Il Gamay e un’identità possibile per i vini del Trasimeno

di Jacopo Cossater

È inevitabile che a parlare dell’Umbria il discorso tenda a concentrarsi da una parte su quelle che sono le sue produzioni storiche e dall’altra su quelle che negli ultimi anni sono riuscite a ritagliarsi una certa identità. È così dappertutto. Da una parte Montefalco e Orvieto, distretti di riferimento, dall’altra quelle aree geograficamente più contenute la cui produzione si identifica a volte con un’unico vino/vitigno.

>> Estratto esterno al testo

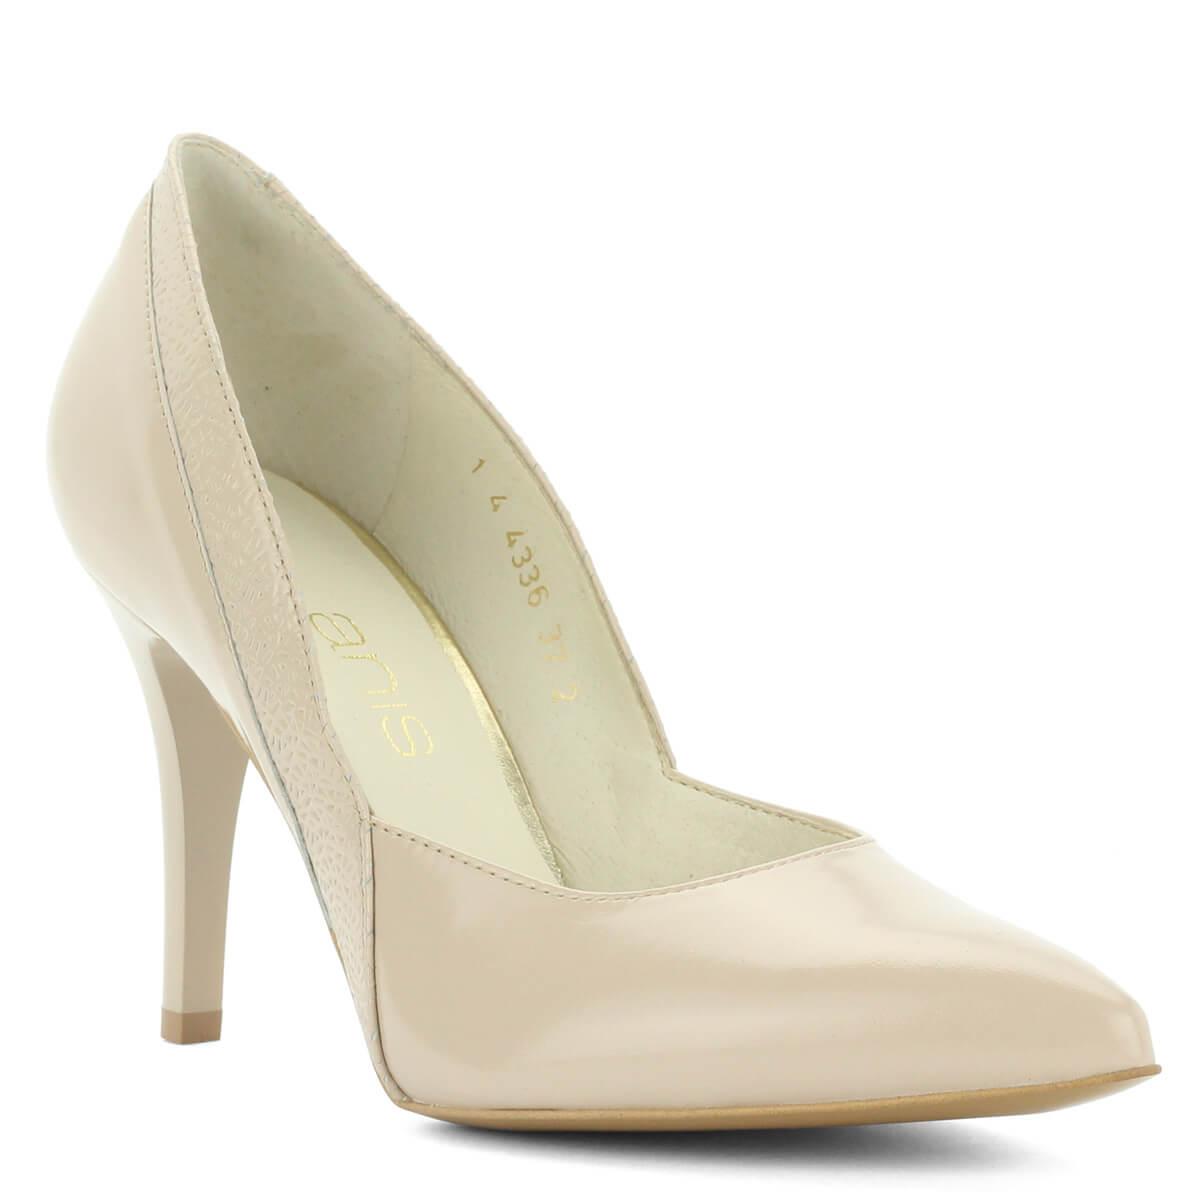 d365ad0d8f Anis bézs színű bőr magassarkú cipő nyomott mintával. Sarka 9 cm  magasDomini Cipőüzlet

Penso per esempio allo straordinario lavoro portato avanti nella zona di Narni con il Ciliegiolo, rosso che fino a una decina di anni fa era quasi esclusivamente sinonimo di Maremma Toscana. Al Trebbiano Spoletino, antico vino bianco che anche grazie al tessuto produttivo di Montefalco, negli ultimi tempi in cerca di una chiave interpretativa capace di andare oltre i suoi rossi più noti, ha conosciuto un periodo di crescita particolarmente rapido. Penso alla zona di Perugia, ampio laboratorio che continua a dimostrare un’interessante vivacità produttiva. A Torgiano e alla sua piccola denominazione. Al Grechetto di Todi, riferimento per tutta la tipologia nonostante l’esiguo numero di cantine presenti sul territorio. Al fenomeno dei Syrah di Cortona, appena oltre i confini regionali.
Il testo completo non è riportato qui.